In the north and east, large quantities of wind energy is generated, at very high load factors. In the East, 22GW of new wind capacity is invested in as well as 13.5GW of new hydro. Over 45GW of wind with an average load factor above 40% is estimated to be available in this region. In the north, there is investment in 36GW of wind at estimated load factors of 30 to 40%. However, due to conservative maximum penetration rates assumed in the analysis, not all of the economic potential is realized by 2030.
A key issue relating to the high wind penetration will be integration in a robust and resilient manner; ensuring the balance between demand and intermittent supply. Related to this, much of the wind based generation potential is close to the coast in dry countries. These dry countries have high demands for desalinated water, which is relatively inexpensive to store. Thus, desalinated water can be produced during periods of high wind availability or during times of off-peak demand, so as to reduce electricity demand in other instances.

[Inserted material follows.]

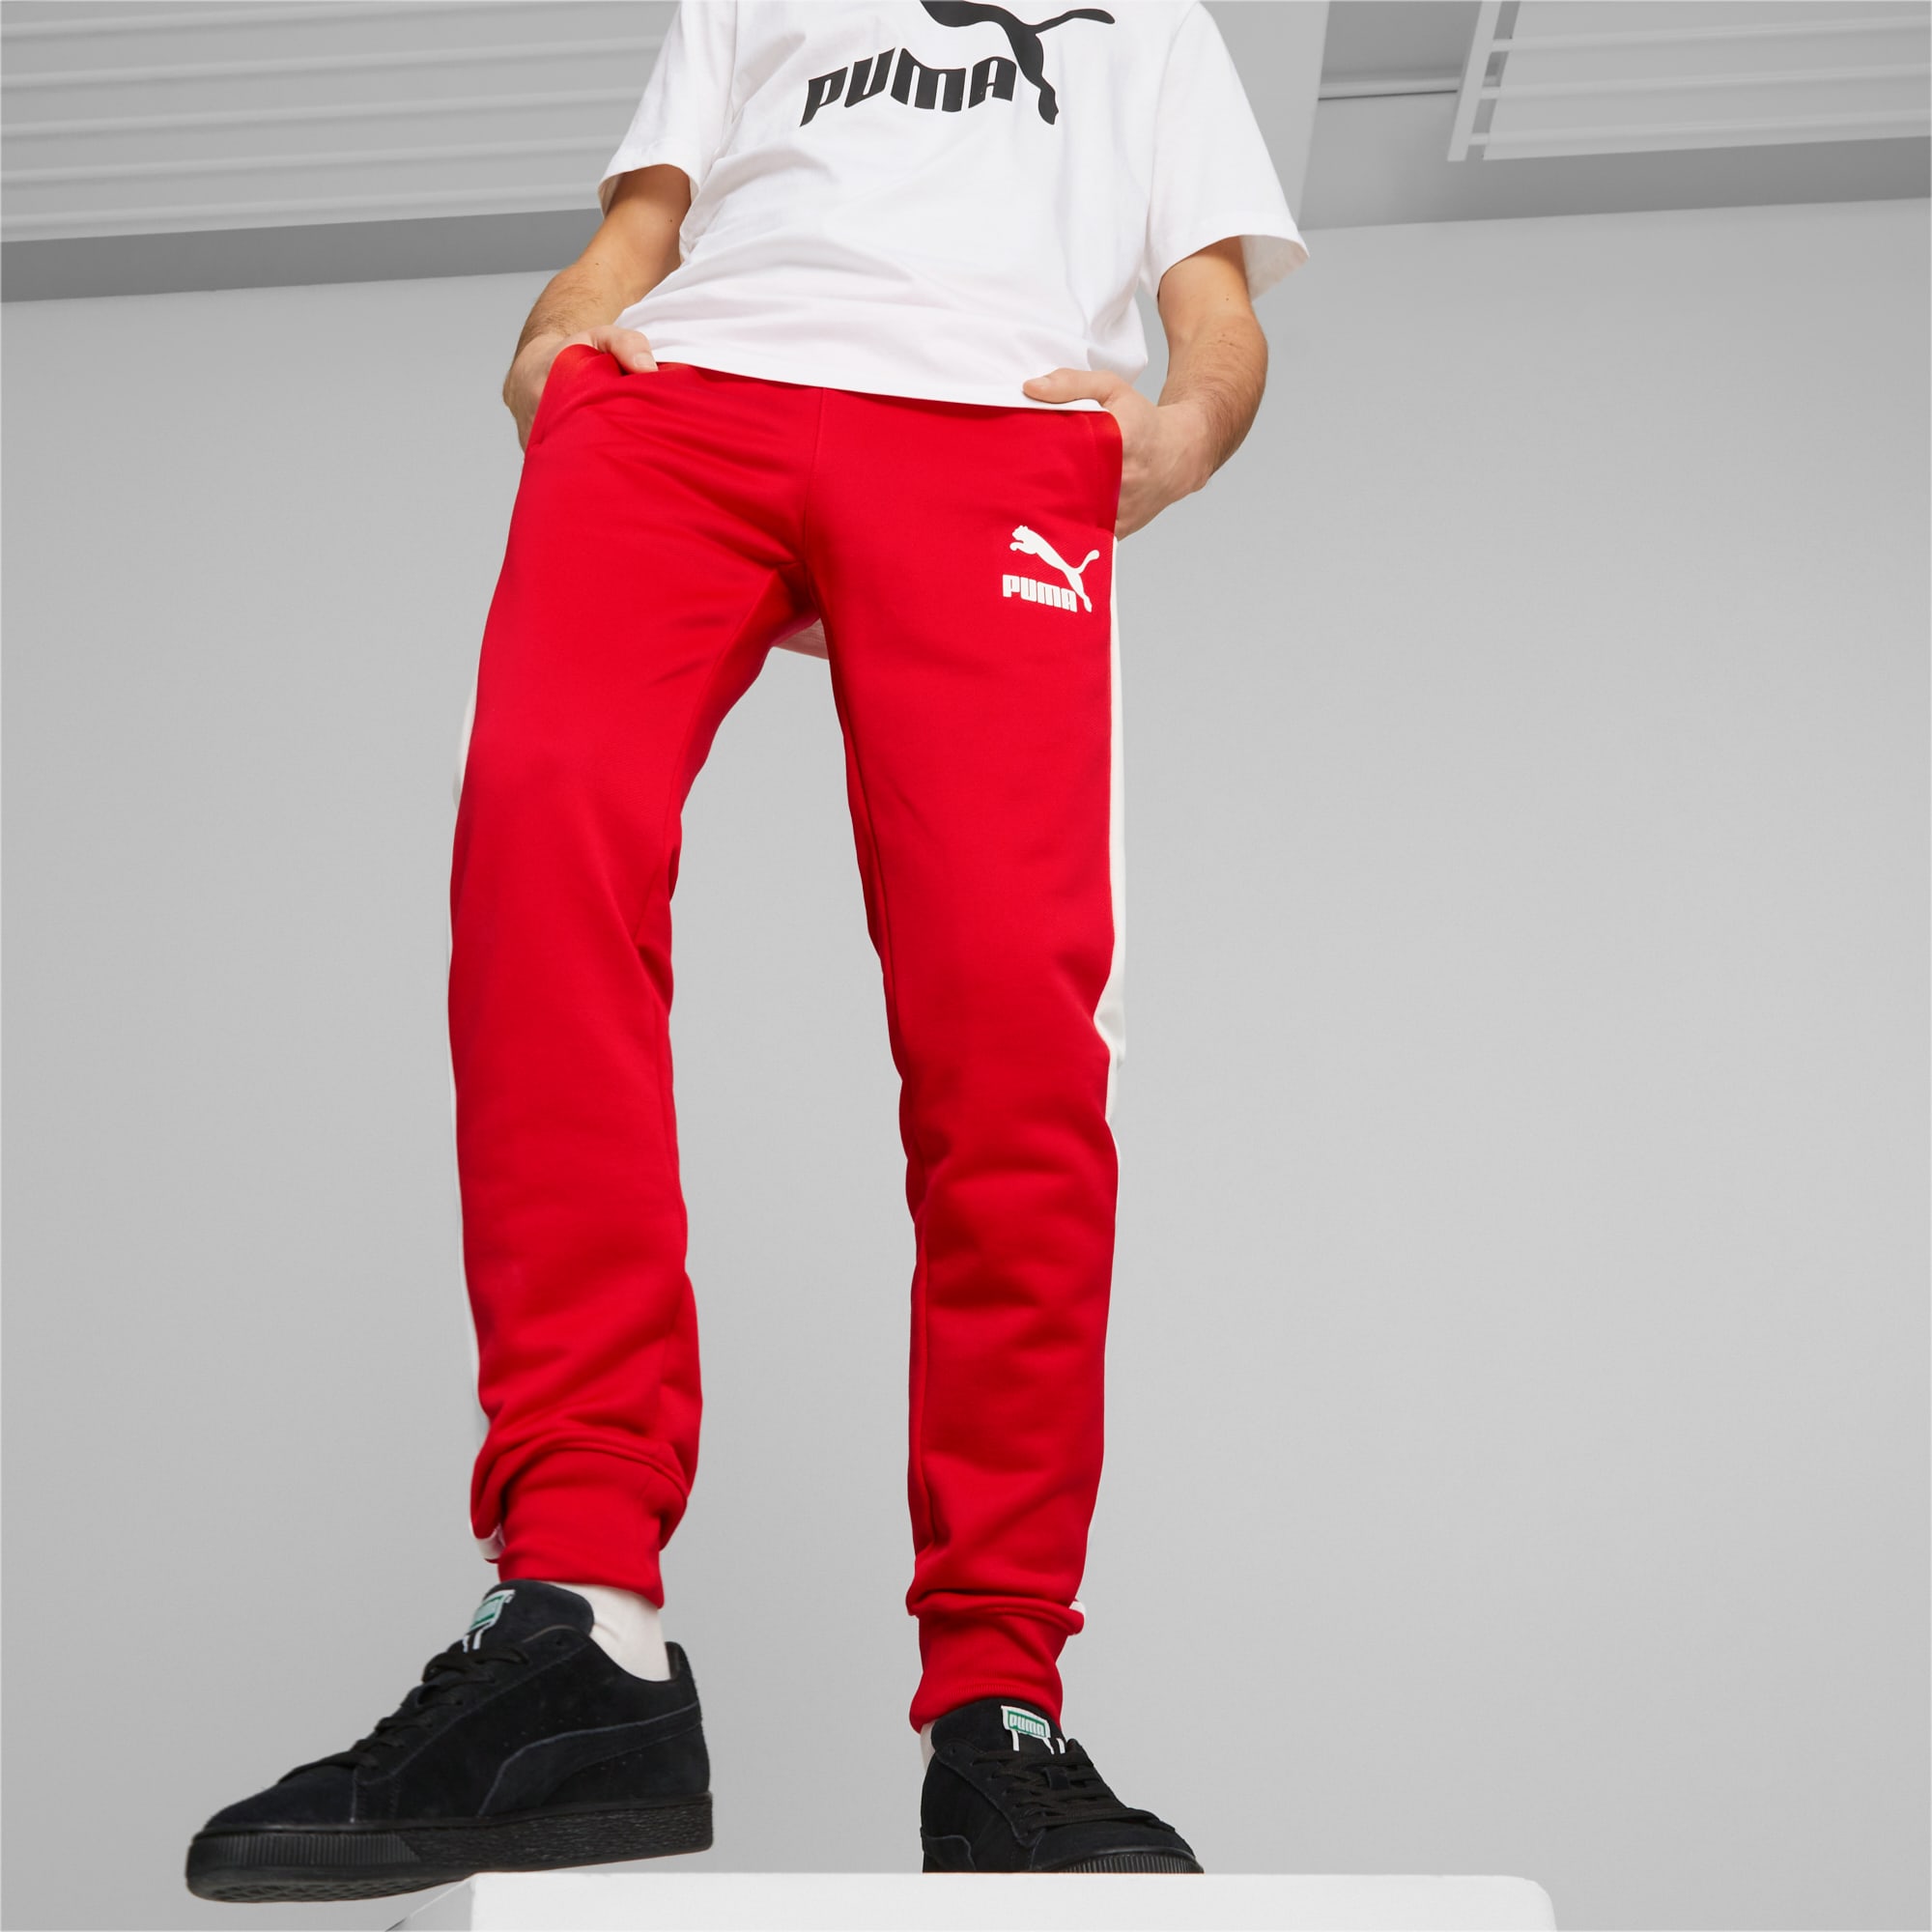 PUMA Iconic T7 Herren Trainingshose, Rot, Größe: 4XL, Kleidung

Despite the considerable increase in power generation by RE sources across the continent (Figure 2), none of the regions reach their full economic investment potential in RE in the timeframe of the scenarios investigated. In all regions, a greater rate of RE technologies deployment would be cost optimal. This does not occur, as the analysis assumes that their maximum annual penetration is limited.
In the scenarios modelled, limited electricity trade is allowed between regions. In order to estimate transmission costs required for trade, an average of 365$/kW investment is required for electricity to leave a region, according to existing IRENA assessments (Miketa and Merven, 2013a). The same is required for electricity to be imported into a region. Further, different transmission losses are assumed for the interregional linkages, due to variations in distances between the regions; primarily from major points of energy source to points of energy demand. To the north, large losses of around 20% are assumed, over 'normal' intrare- gional transmission losses of 7%, for both leaving and entering a region. Small losses between West and Central Africa are assumed, especially as the DRC is already included in current West African power pool planning. The result, even with these assumptions is that trade is economically viable. Figure 3, in which each arrow is in proportion to the level of trade, indicates the role trade plays in freeing up Central African hydro potential. Significant trade potential occurs from the east, where high load factor wind is available. The trade of 73.5 TWh to the South from Central Africa in the low GDP scenario is the largest trade flow in 2030. It accounts to about 12% of the electricity demanded in that region. It should be noted that trade occurs at a greater scale in the low GDP scenario, as there is lower demand in RES rich regions, such as East and Central Africa, thus freeing up electricity for trade.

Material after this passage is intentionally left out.